RAW DATA |
---
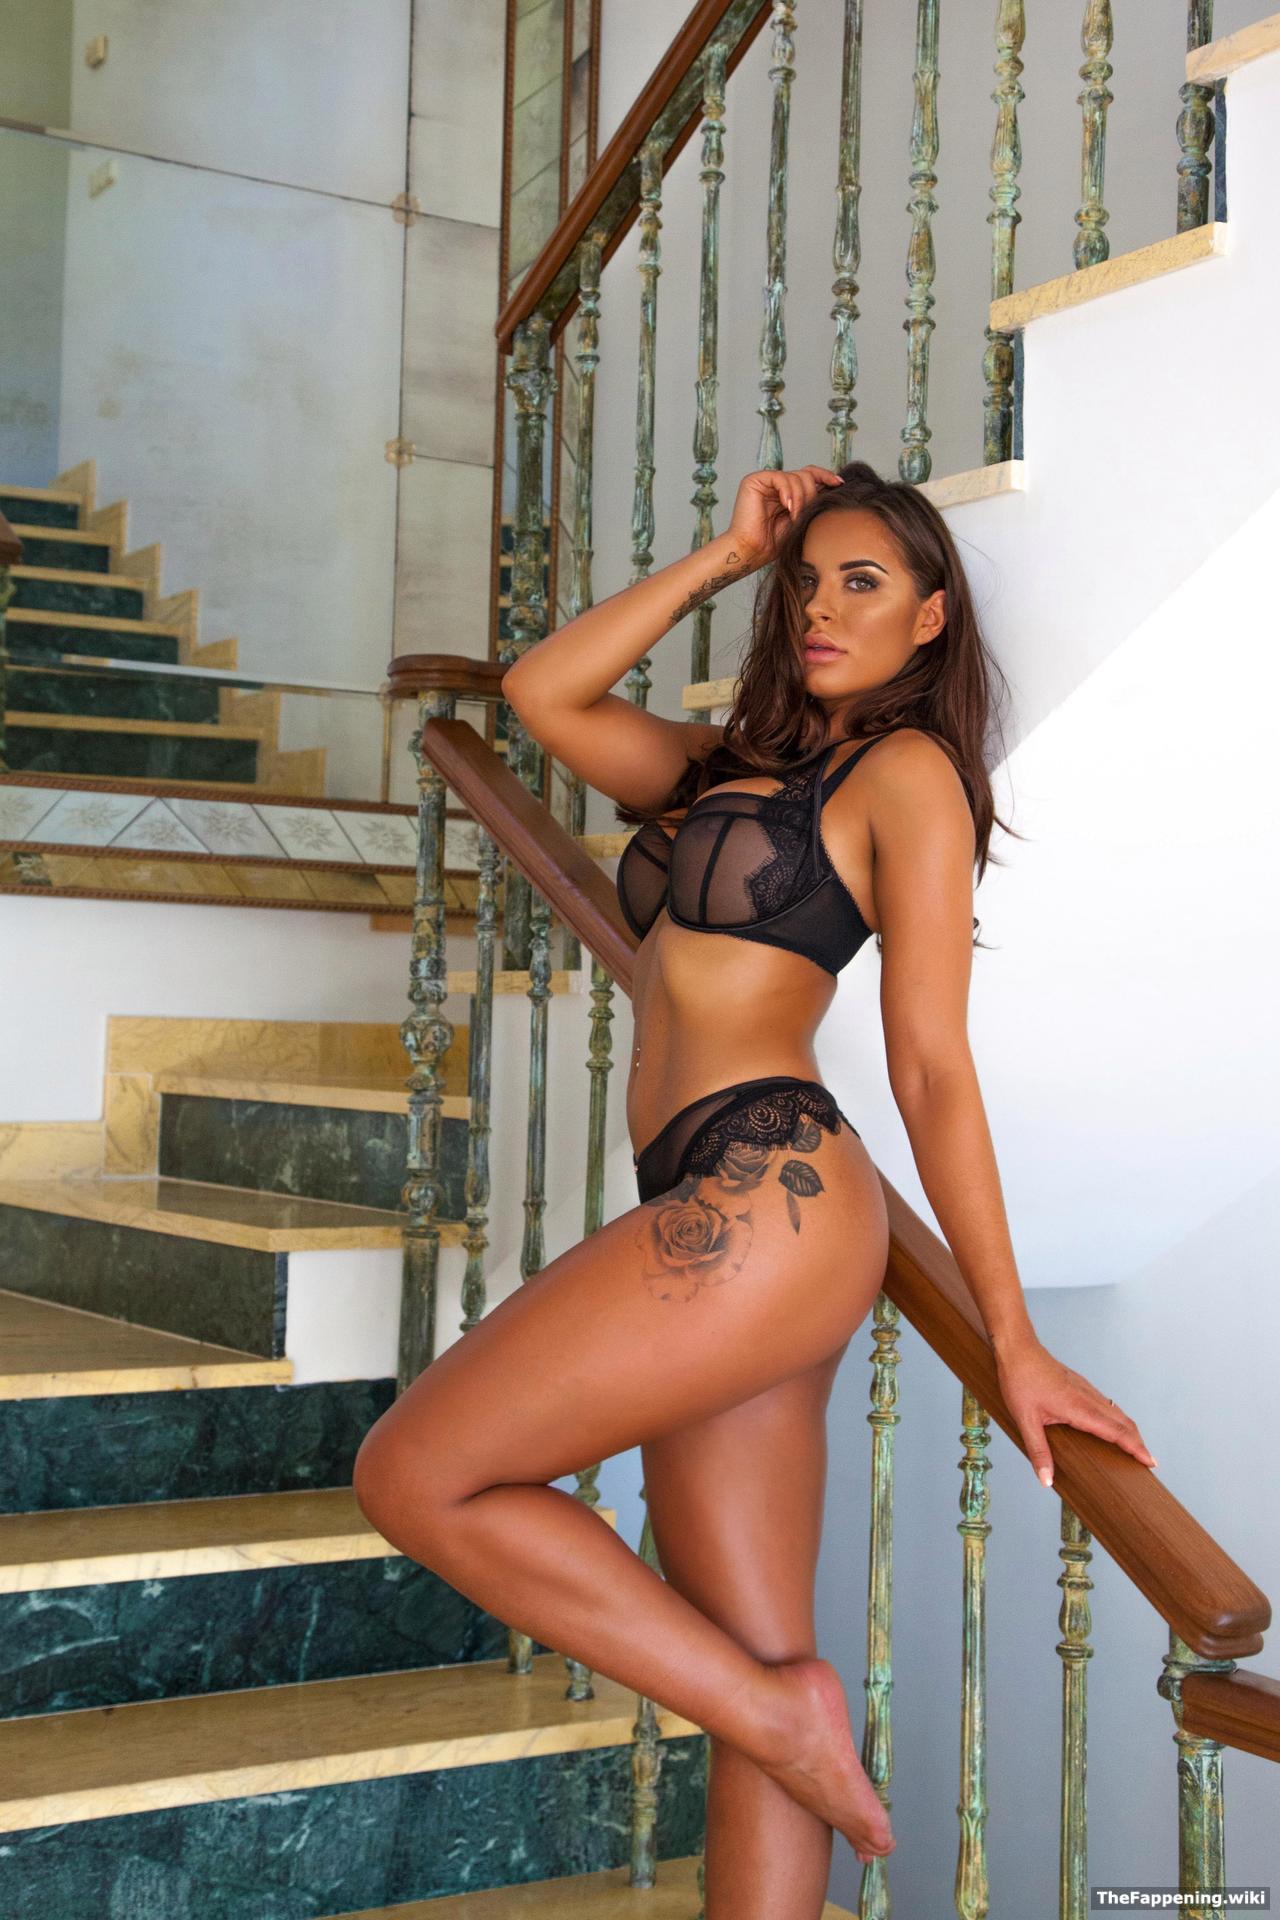 nude (45 photos), Hot Celebrity pics
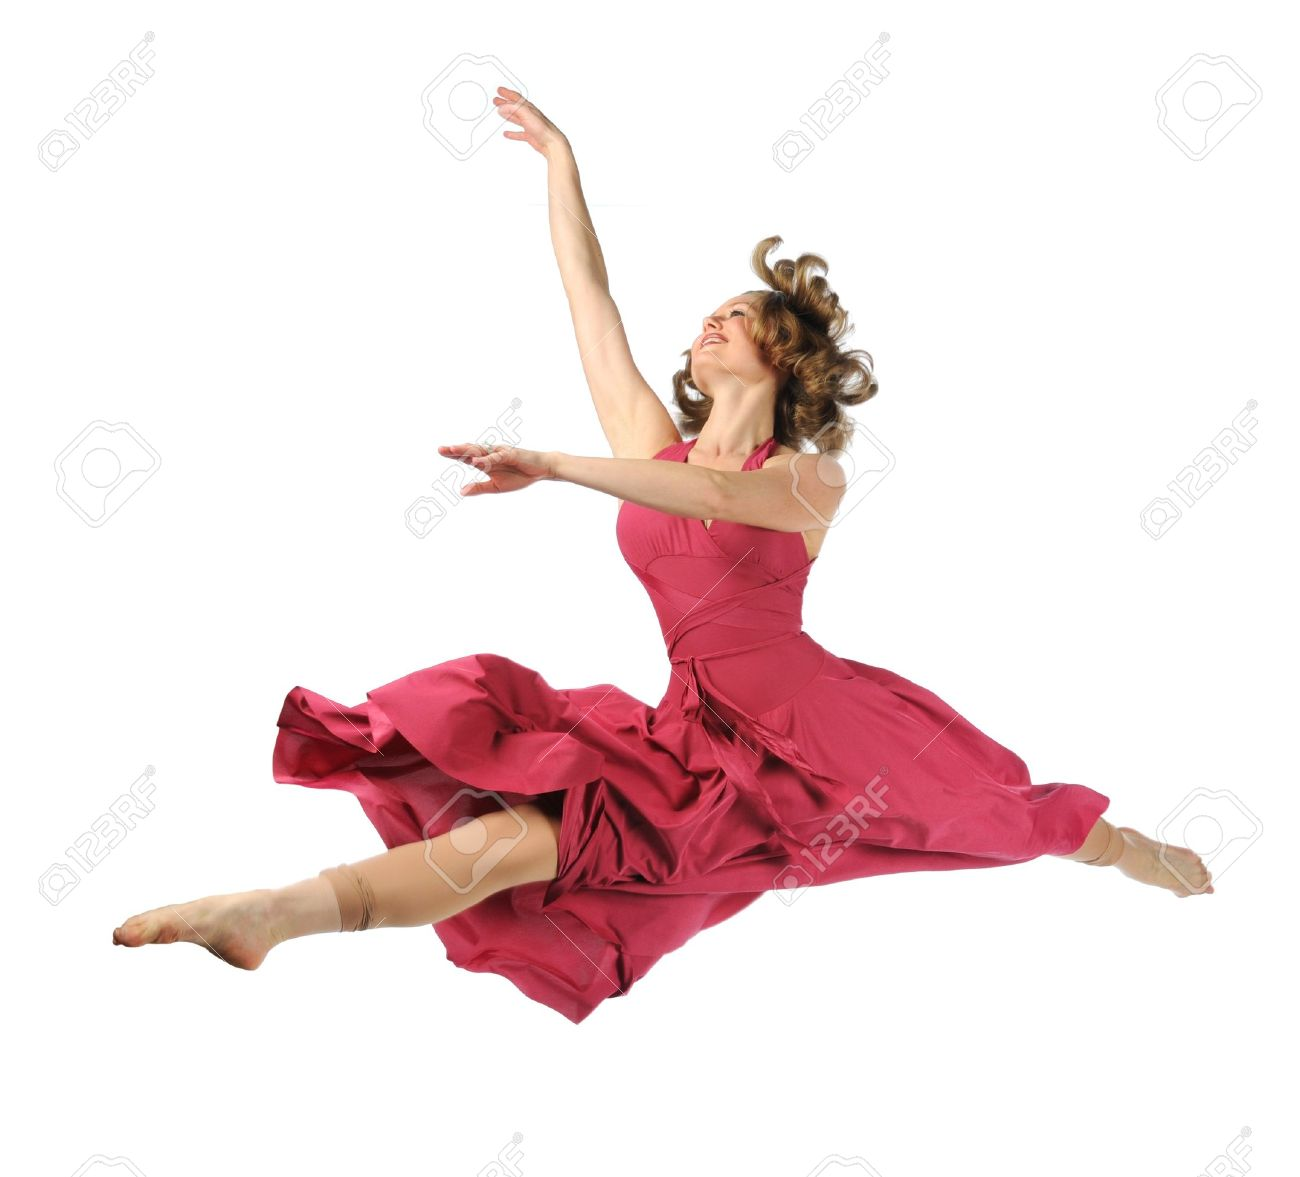 ballet dancing stock photos royalty free ballet dancing images
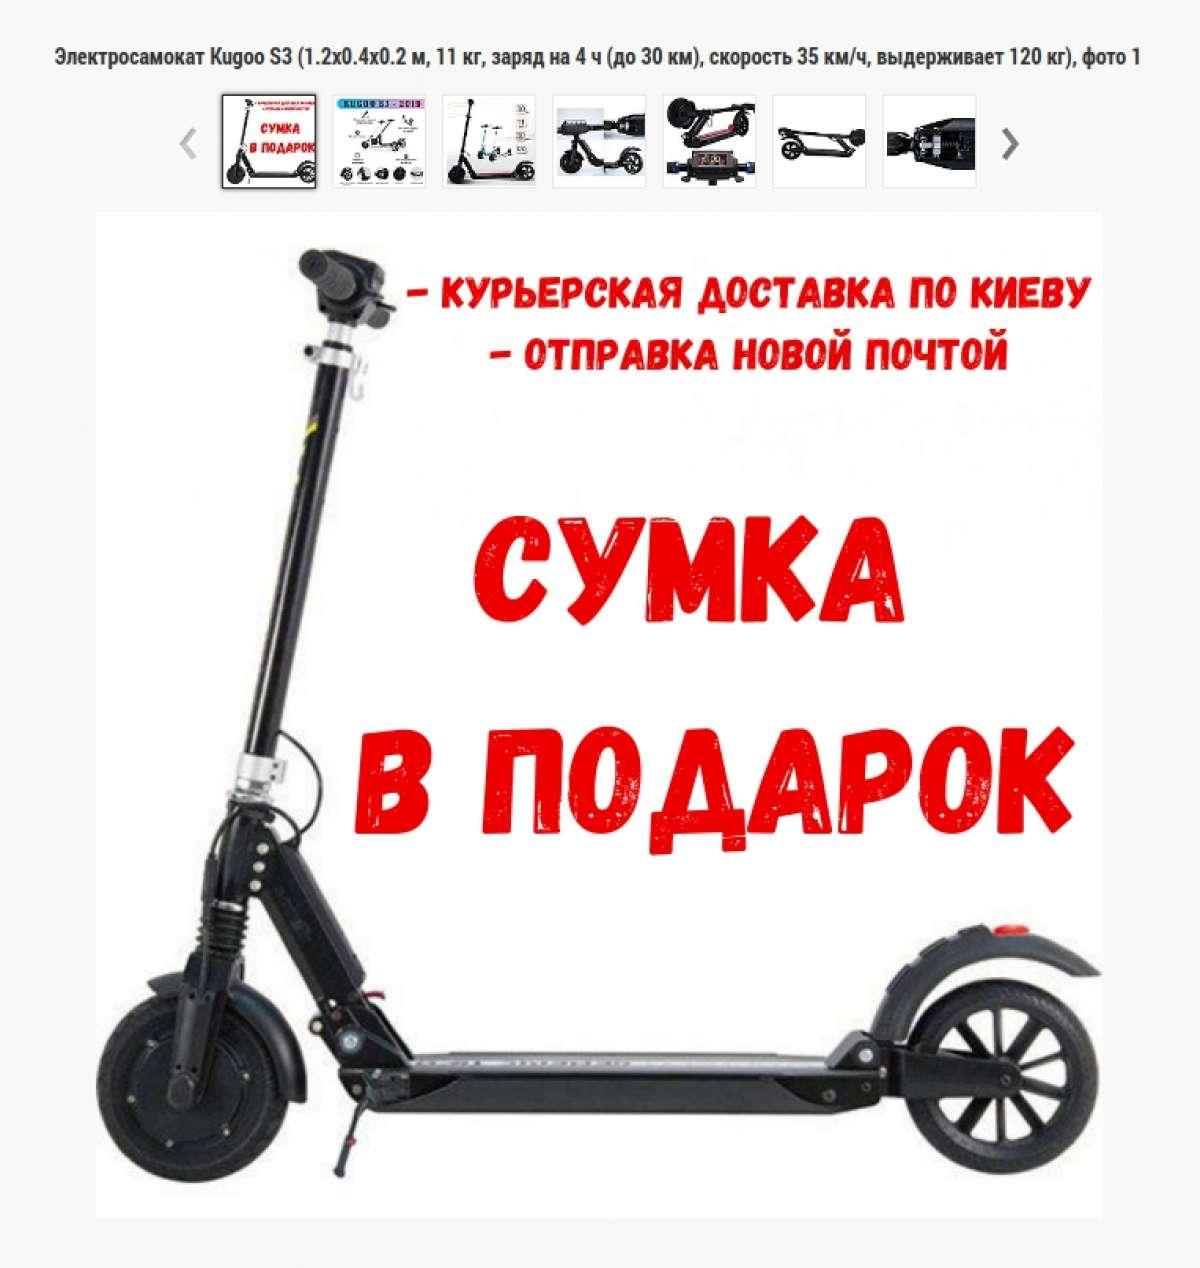 Электросамокат Kugoo S3 (вес 11 кг, пробег 30 км, 35 км/ч) + сумка
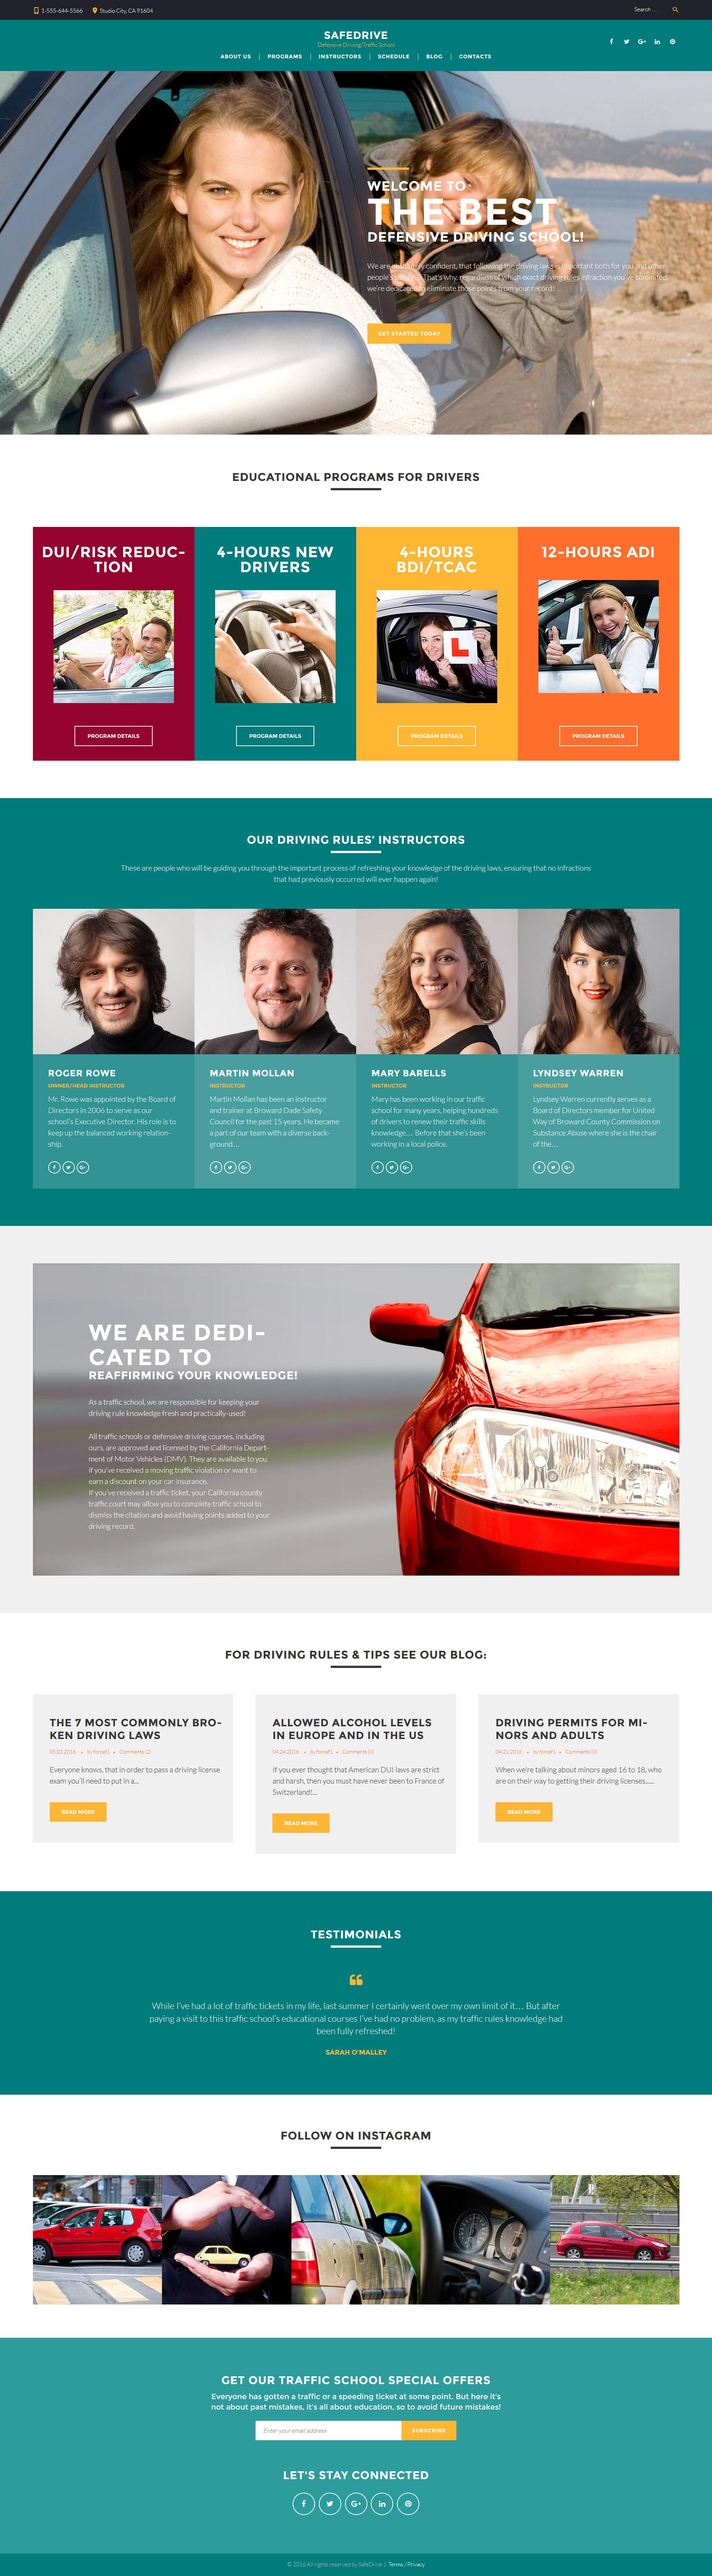 SafeDrive - Driving School Responsive №60127 - скриншот
---
THE TASK | Repeat all the data as it stands, dropping any images it holds.

RESPONSE BELOW |
 nude (45 photos), Hot Celebrity pics
 ballet dancing stock photos royalty free ballet dancing images
 Электросамокат Kugoo S3 (вес 11 кг, пробег 30 км, 35 км/ч) + сумка
 SafeDrive - Driving School Responsive №60127 - скриншот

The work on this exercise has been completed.